# Week 3 - Lab - Logistic Regression

## Recap
![Imgur](https://i.imgur.com/UB4Kg0w.jpg)
[Link to sketchboard](https://sketchboard.me/tBjCwrhXsFwu)

## 1. Confusion Matrices

https://towardsdatascience.com/taking-the-confusion-out-of-confusion-matrices-c1ce054b3d3e

In [1]:
import numpy as np
import pandas as pd
import matplotlib.pyplot as plt

* We use 2 models to predict if a woman is pregnant or not and save the result in "pregnant.csv" files.
* pregnent dataset has 3 columns:
    * Actual is actual result (ground truth)
    * model_1_predict, model_2_predict are prediction results from model 1 and model 2

**Now, we have to answer the question which model is better?**

First of all, let's load dataset and print it out

In [49]:
df_pregnant = pd.read_csv('./pregnant.csv')
df_pregnant.head()

Unnamed: 0,Actual,model_1_predict,model_2_predict
0,0,0,0
1,1,0,1
2,0,0,0
3,0,0,0
4,0,0,0


### Calculate True Positive, False Positive, True Negative, False Negative
![Alt](https://cdn-images-1.medium.com/max/800/1*g5zpskPaxO8uSl0OWT4NTQ.png)
Note
* Positive : 1(Pregnant)
* Negative : 0(Not Pregnant)

True Positive : Predict **Positive** and it's **True**

In [55]:
# Predict Positive
positive = df_pregnant['model_1_predict'] == 1
# It's True (correct prediction)
correct_predict = df_pregnant['model_1_predict'] == df_pregnant['Actual']

TP = sum(positive & correct_predict)
TP

40

False Positive: Predict **Positive** and it's **False**

In [56]:
# Predict Positive
positive = df_pregnant['model_1_predict'] == 1
# It's False (incorrect prediction)
incorrect_predict = df_pregnant['model_1_predict'] != df_pregnant['Actual']

FP = sum(positive & incorrect_predict)
FP

65

True Negative : Predict **Negative** and it's **True**

In [52]:
# Predict Negative
negative = df_pregnant['model_1_predict'] == 0
# It's True (correct prediction)
correct_predict = df_pregnant['model_1_predict'] == df_pregnant['Actual']
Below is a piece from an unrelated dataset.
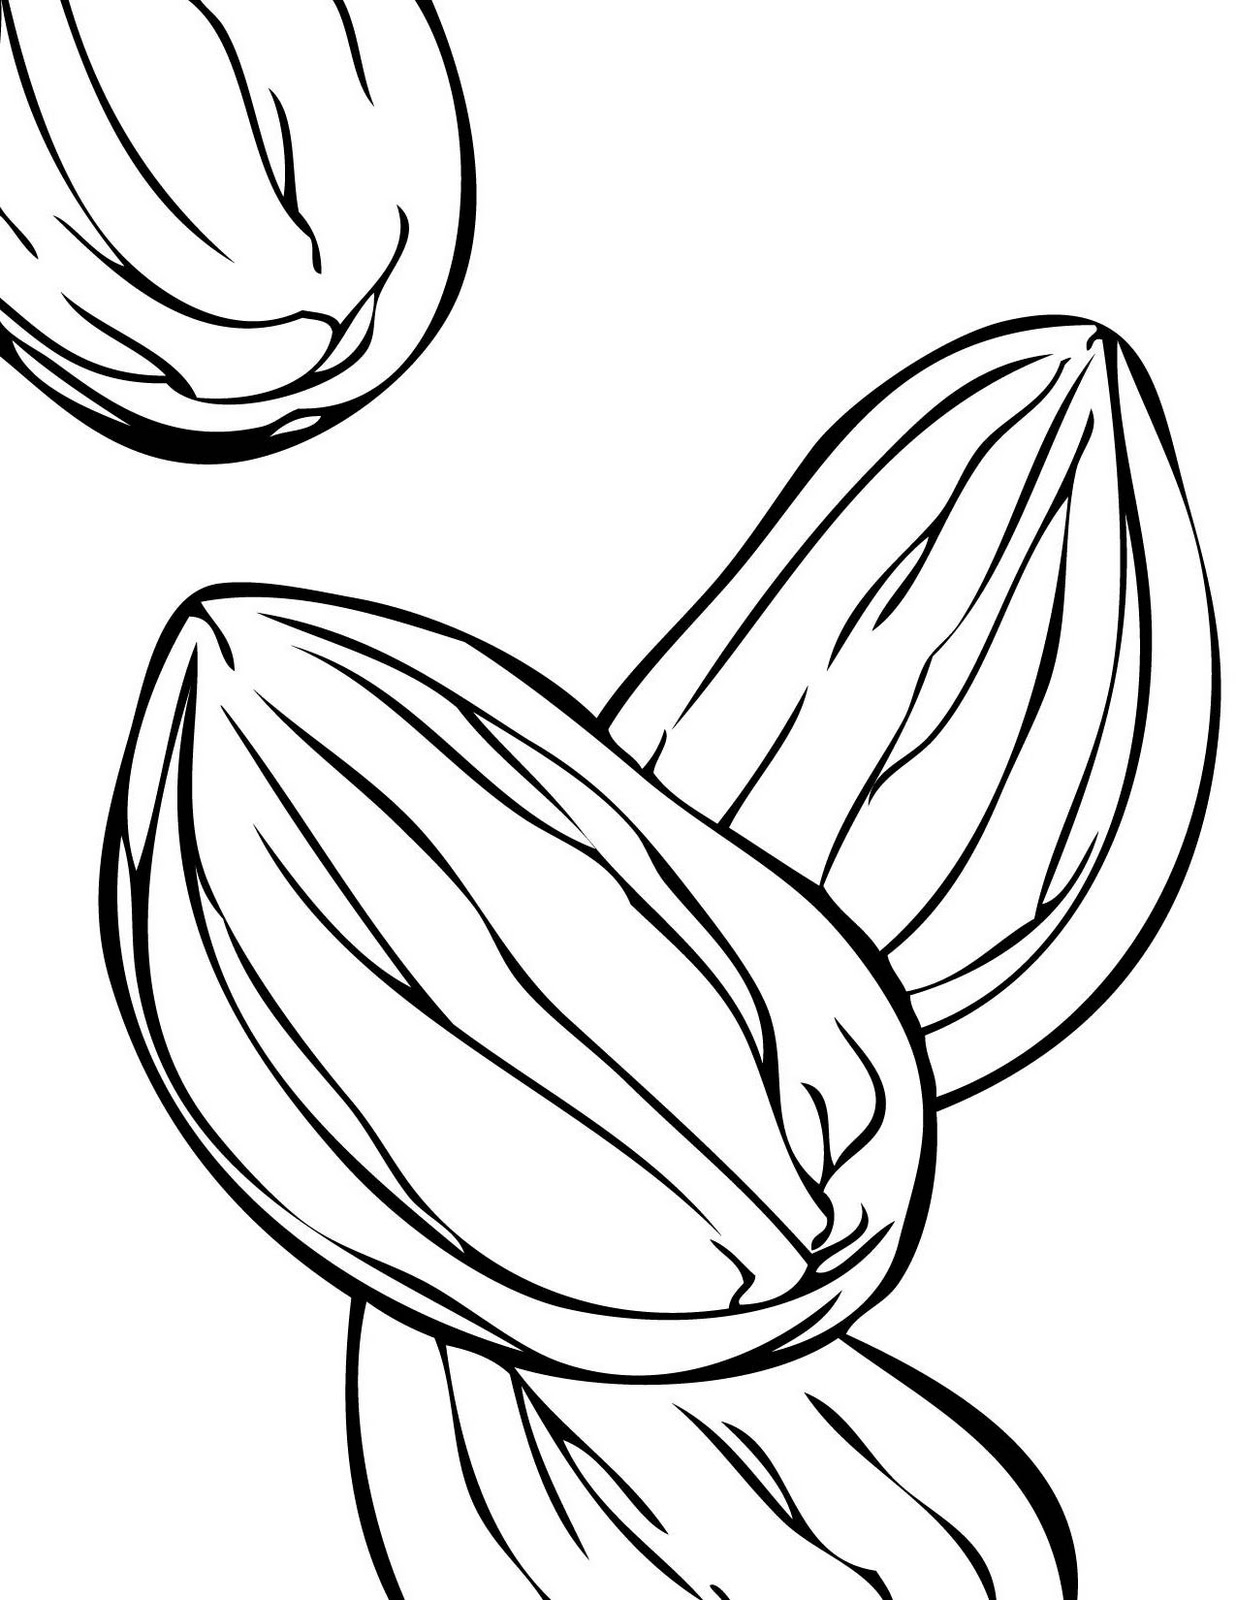 Almond Cartoon Images - Almond Drawing | Bocainwasul
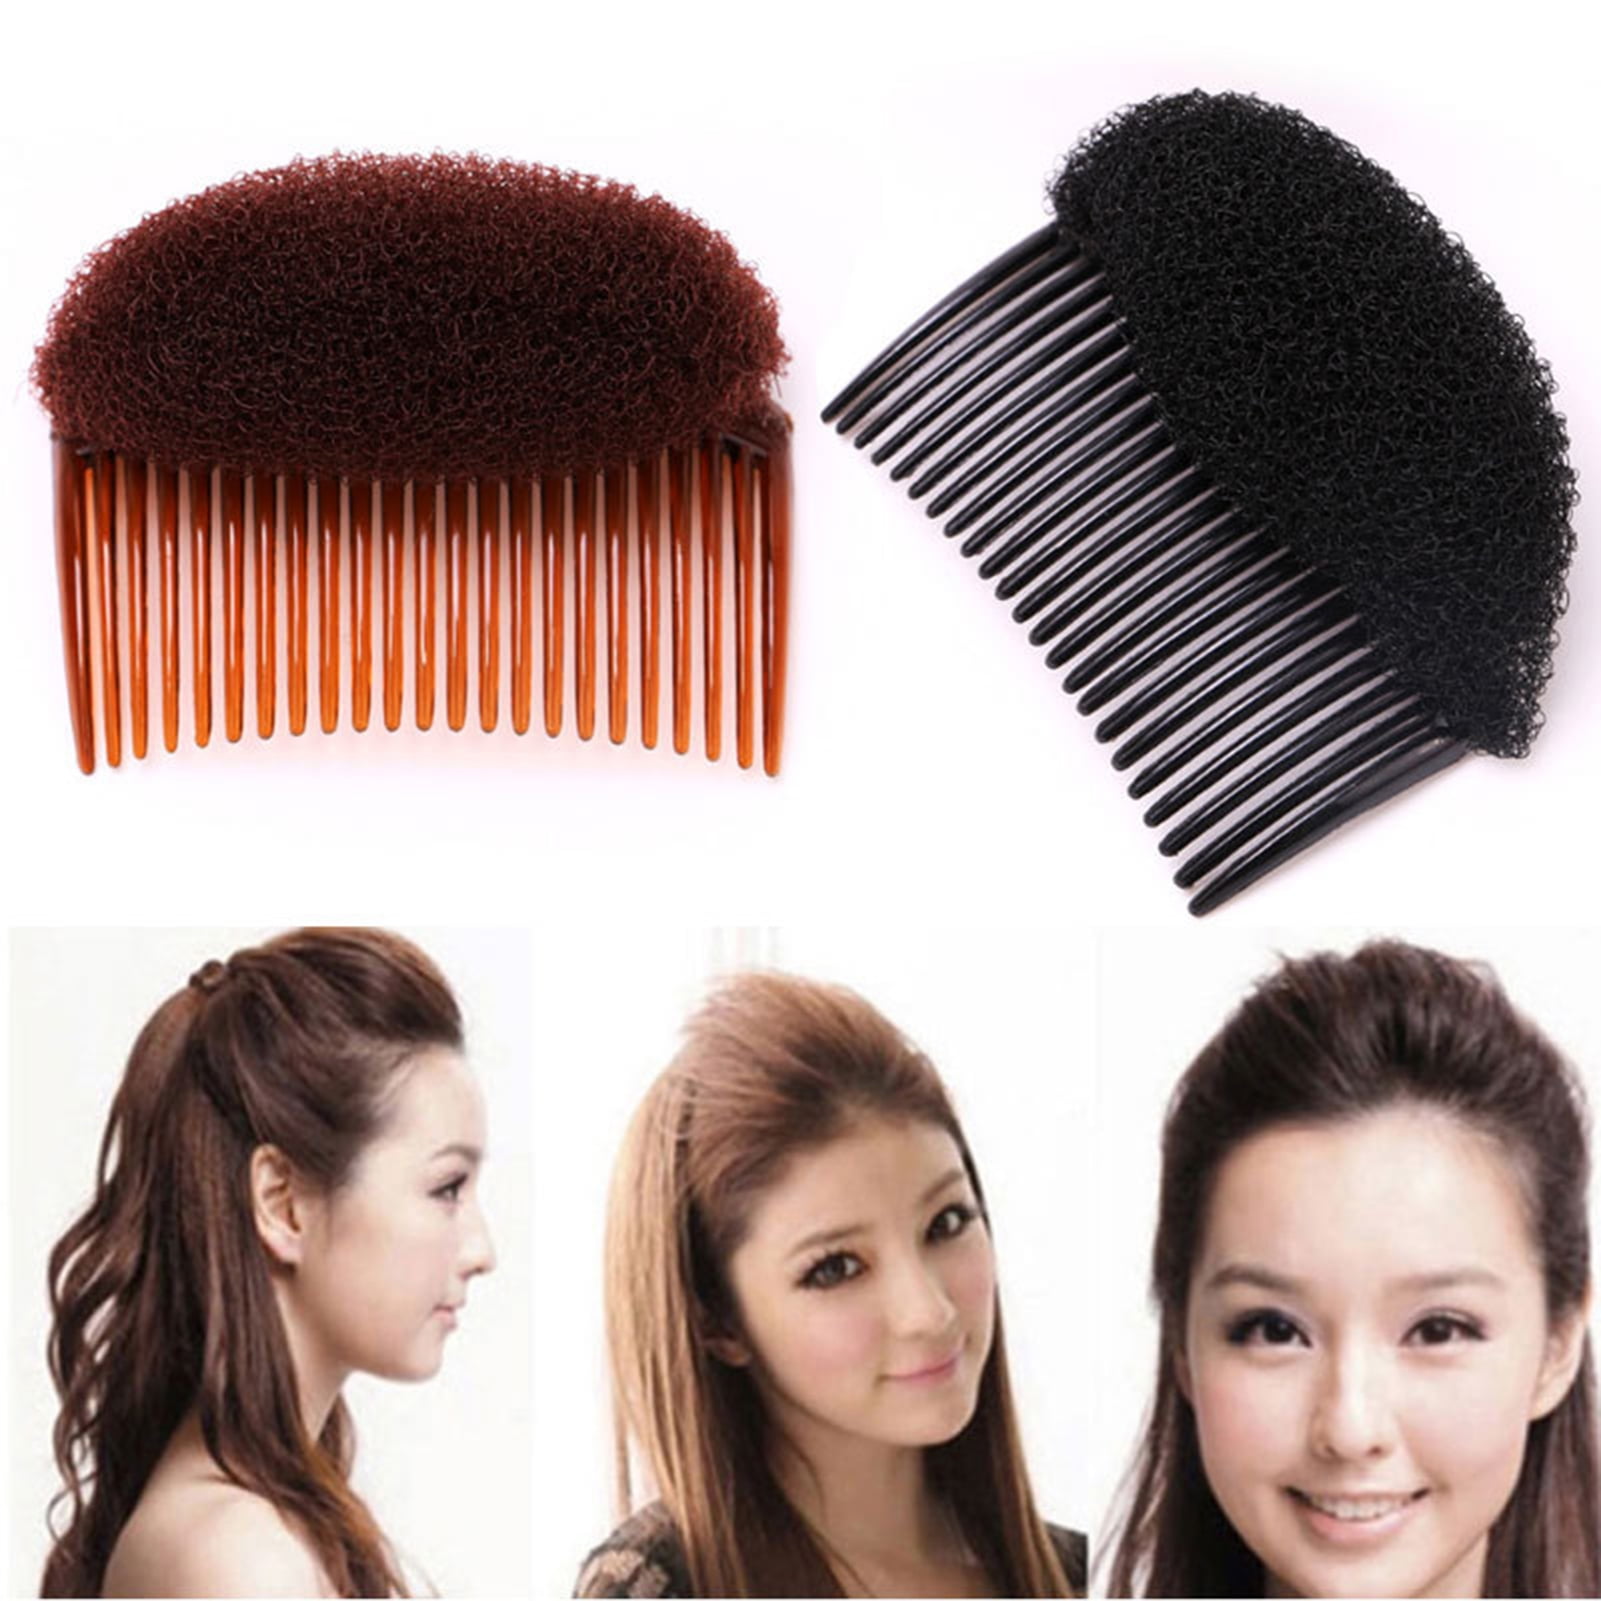 Dengjunhu 6Pcs Women Lady Girl Hair Styling Clip Stick Bun Maker Braid Tool  Hair Accessories

TN = sum(negative & correct_predict)
TN

385

False Negative: Predict **Negative** and it's **False**

In [54]:
# Predict Negative
negative = df_pregnant['model_1_predict'] == 0
# It's False (incorrect prediction)
incorrect_predict = df_pregnant['model_1_predict'] != df_pregnant['Actual']

FN = sum(negative & incorrect_predict)
FN

10

### Accuracy vs Precision vs Recall

![Alt img](https://upload.wikimedia.org/wikipedia/commons/thumb/2/26/Precisionrecall.svg/440px-Precisionrecall.svg.png)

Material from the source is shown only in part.